• Your assignment: Each line from the one holding "Free Lenny Bruce" to the last line of the listing must be set down exactly. No pictures are to be included.

• Data below:
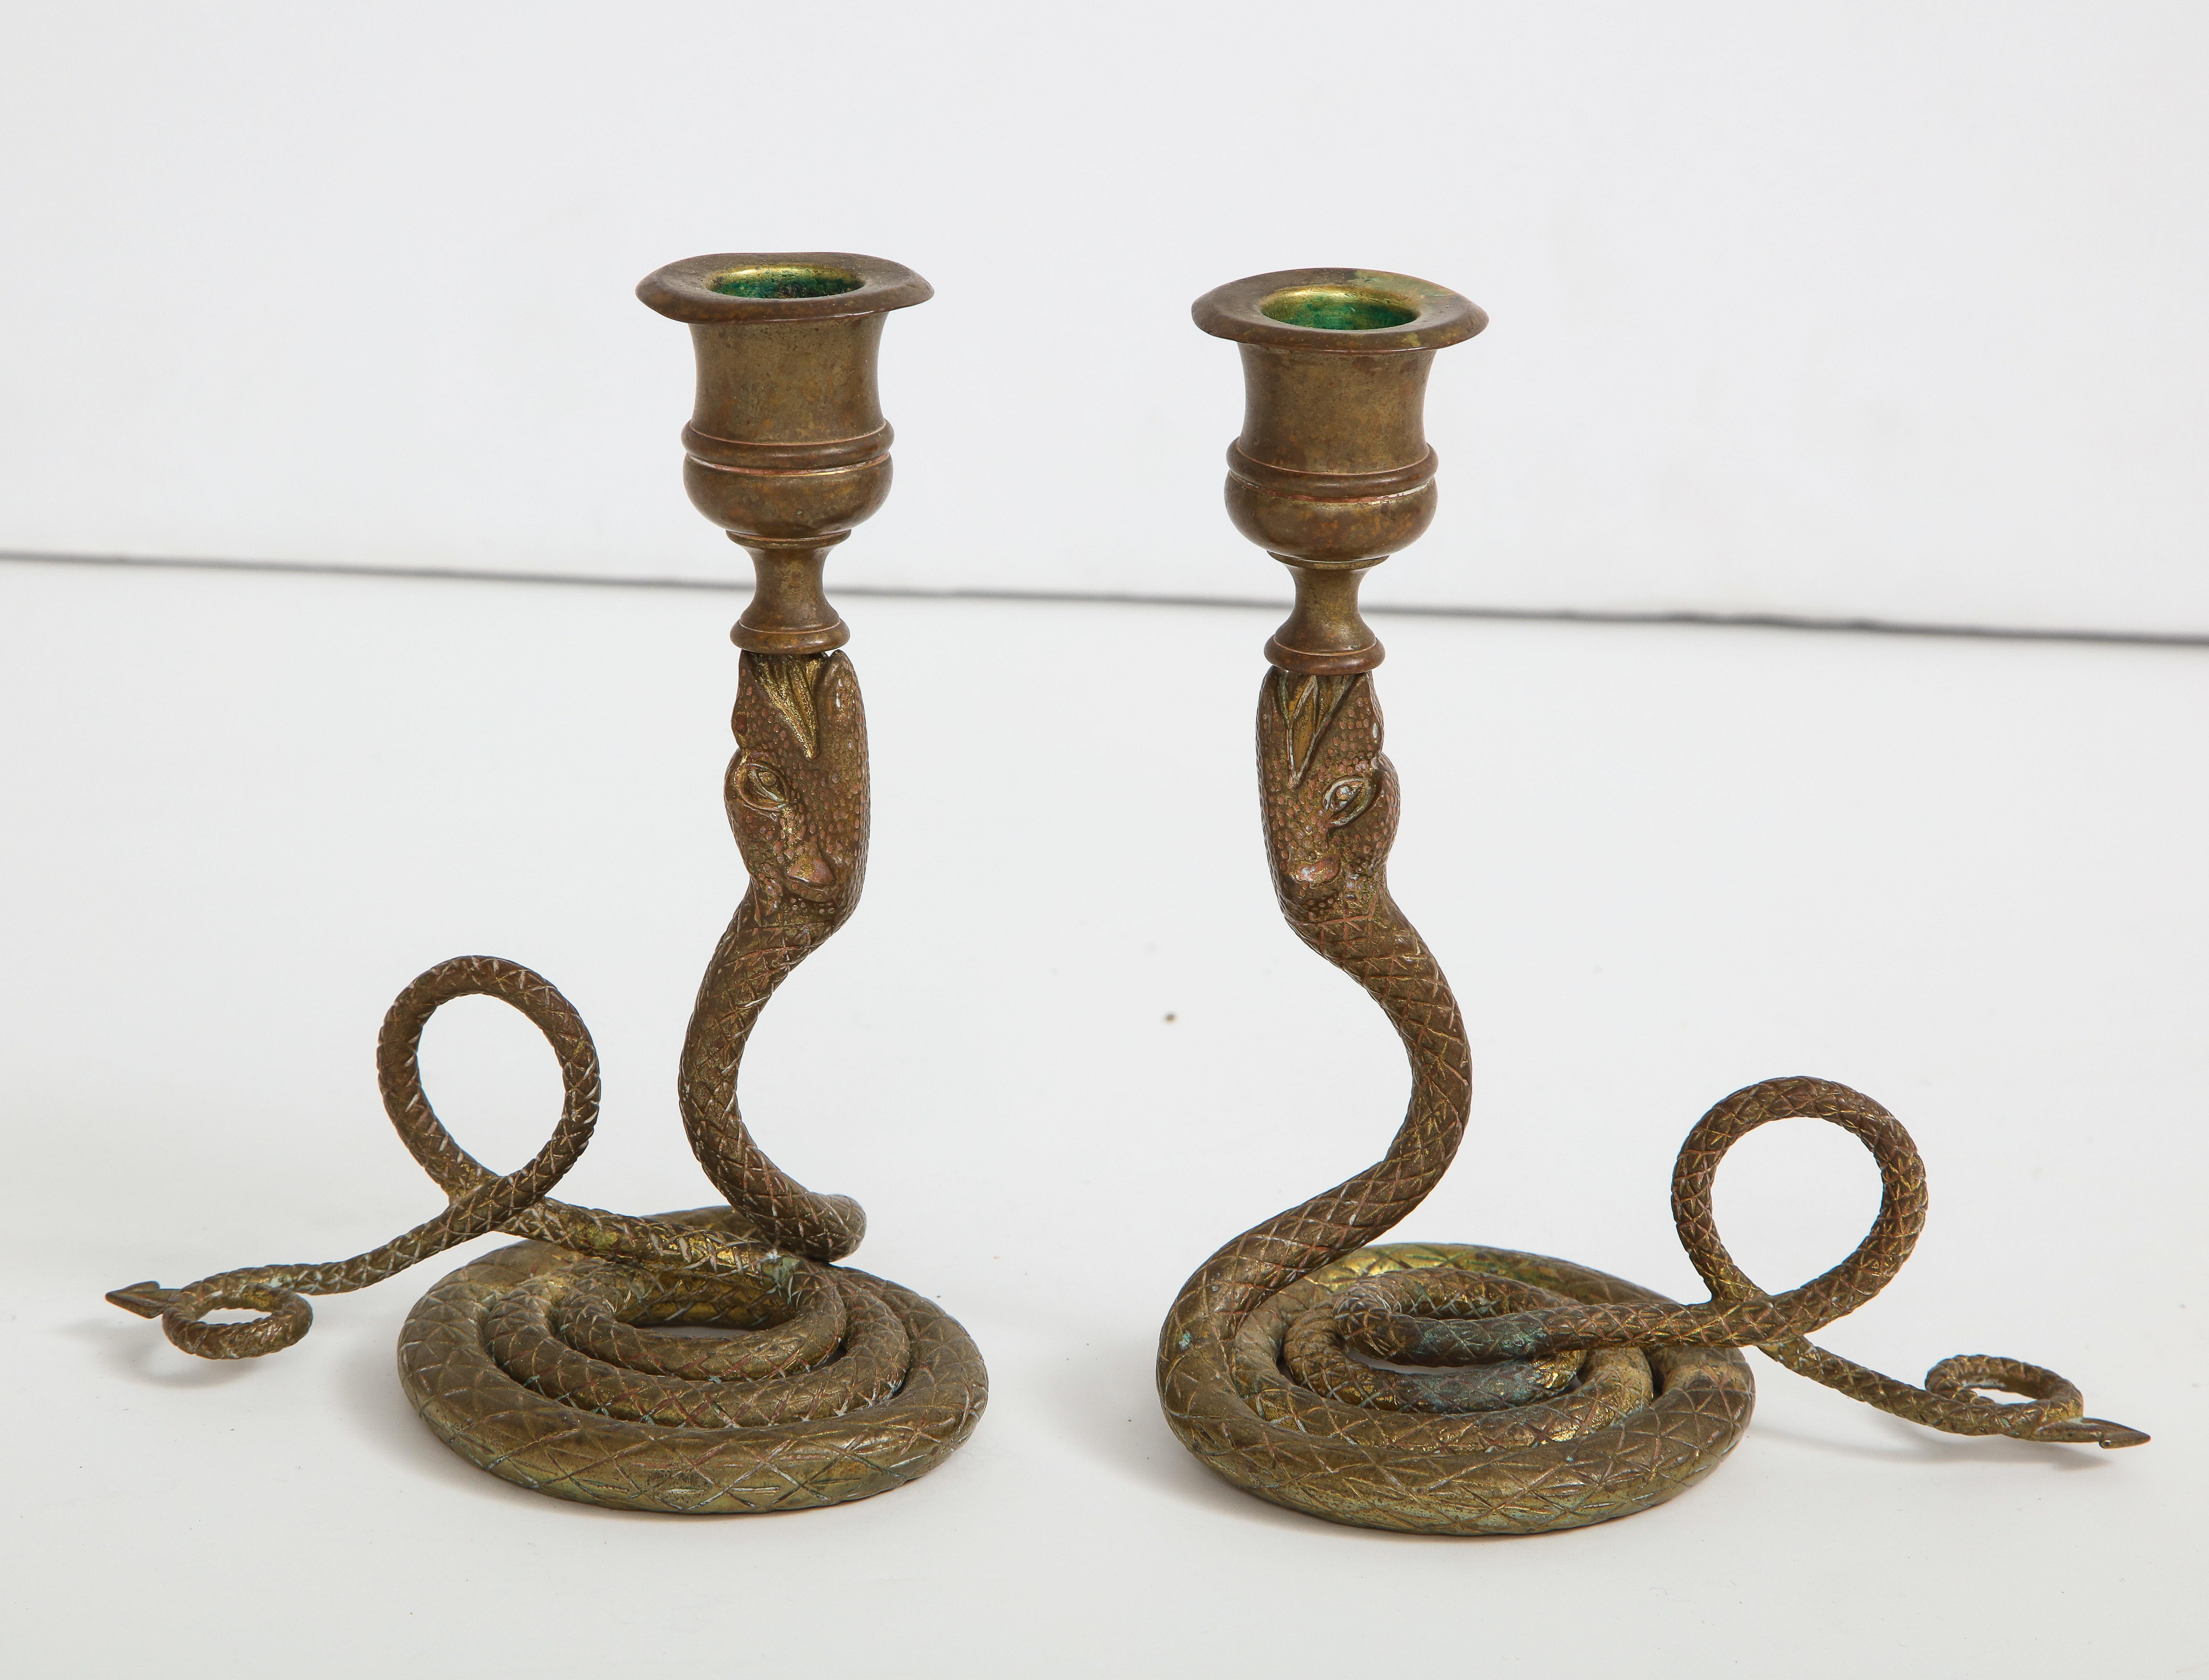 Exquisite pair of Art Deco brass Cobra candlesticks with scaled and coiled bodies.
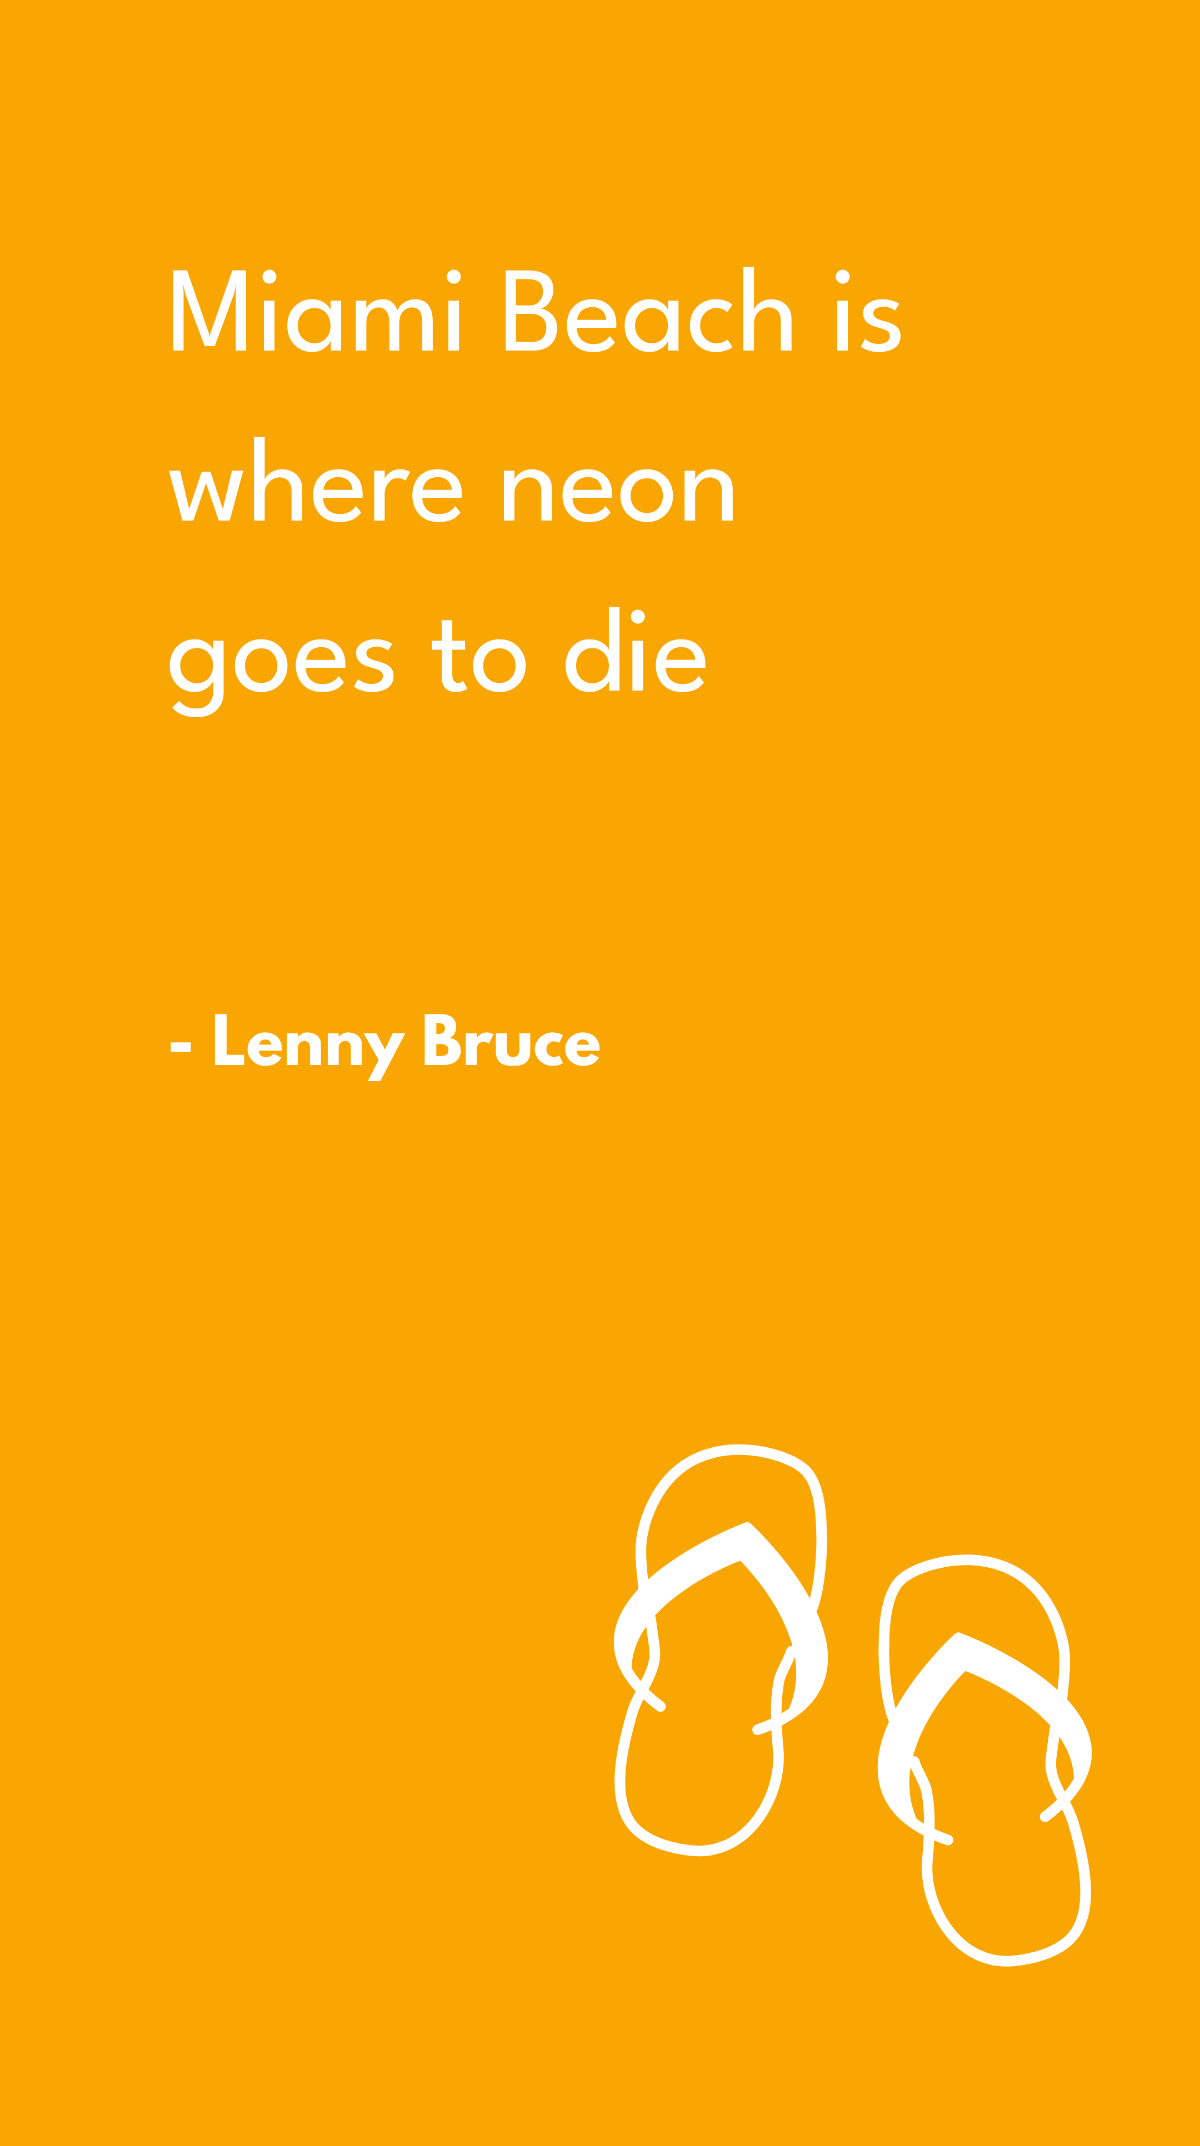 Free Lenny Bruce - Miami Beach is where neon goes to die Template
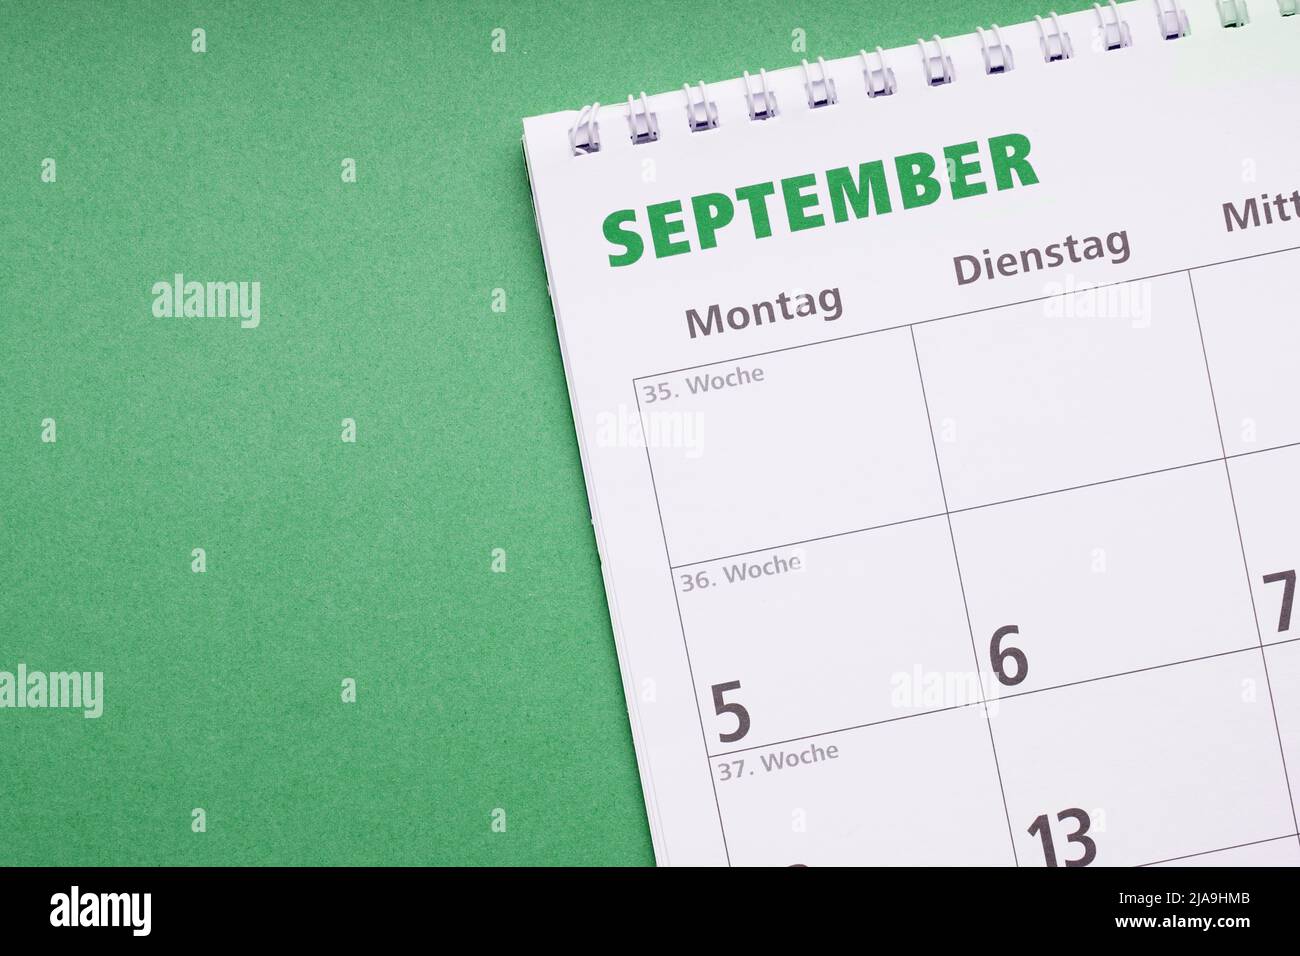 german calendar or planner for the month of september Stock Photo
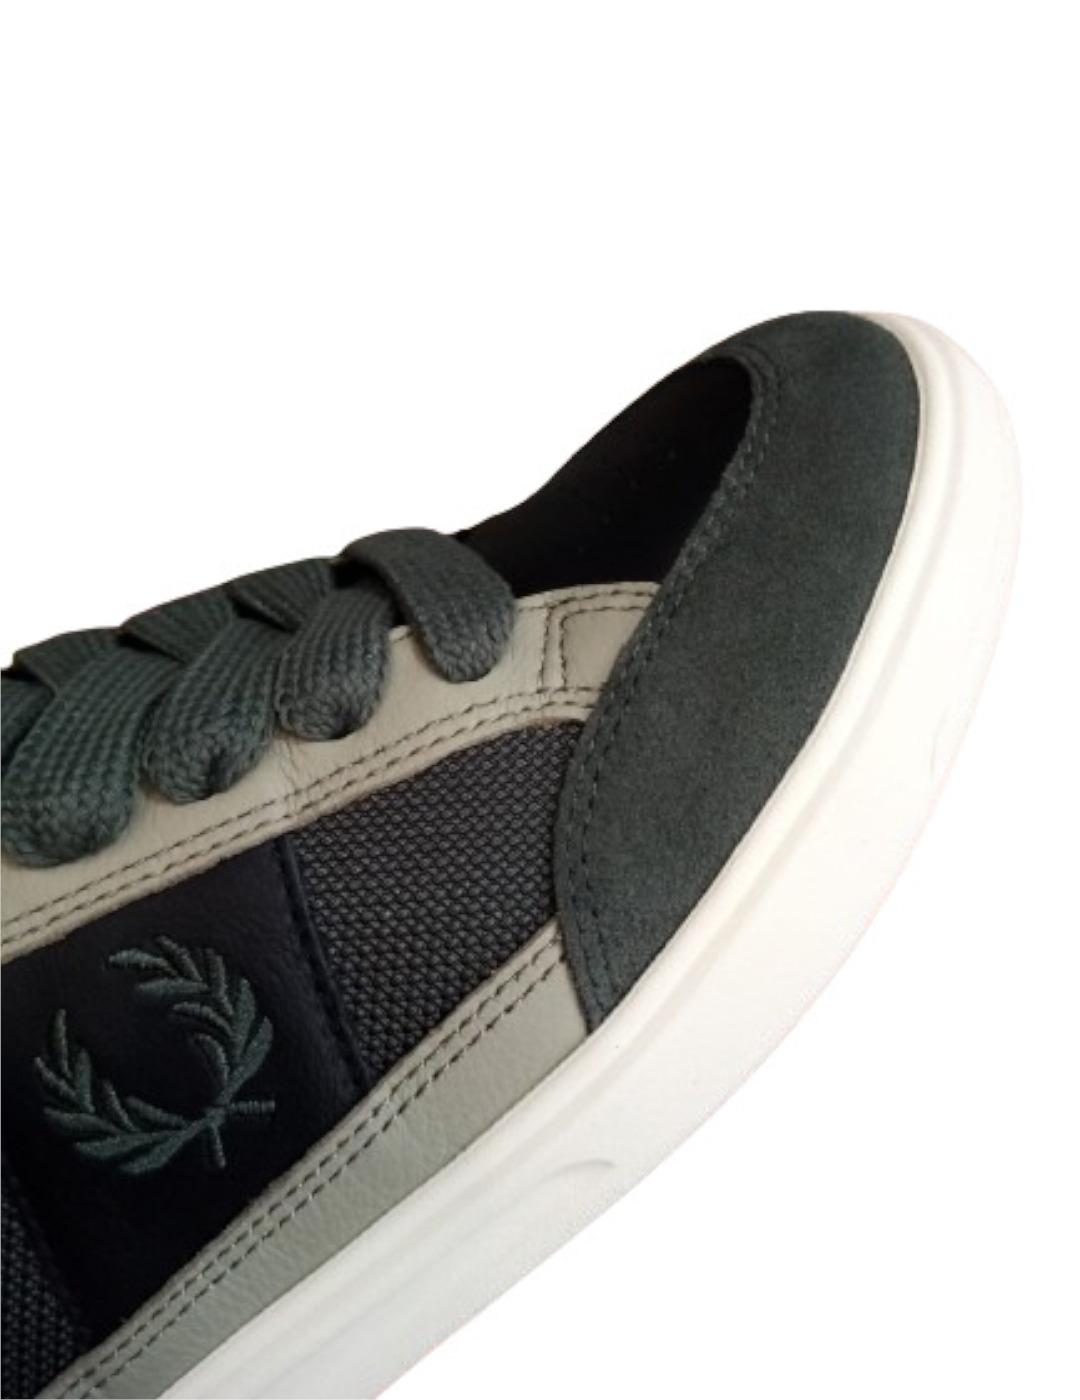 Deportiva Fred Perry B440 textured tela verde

• Problem solution:
 Free Lenny Bruce - Miami Beach is where neon goes to die Template
 german calendar or planner for the month of september Stock Photo
 Deportiva Fred Perry B440 textured tela verde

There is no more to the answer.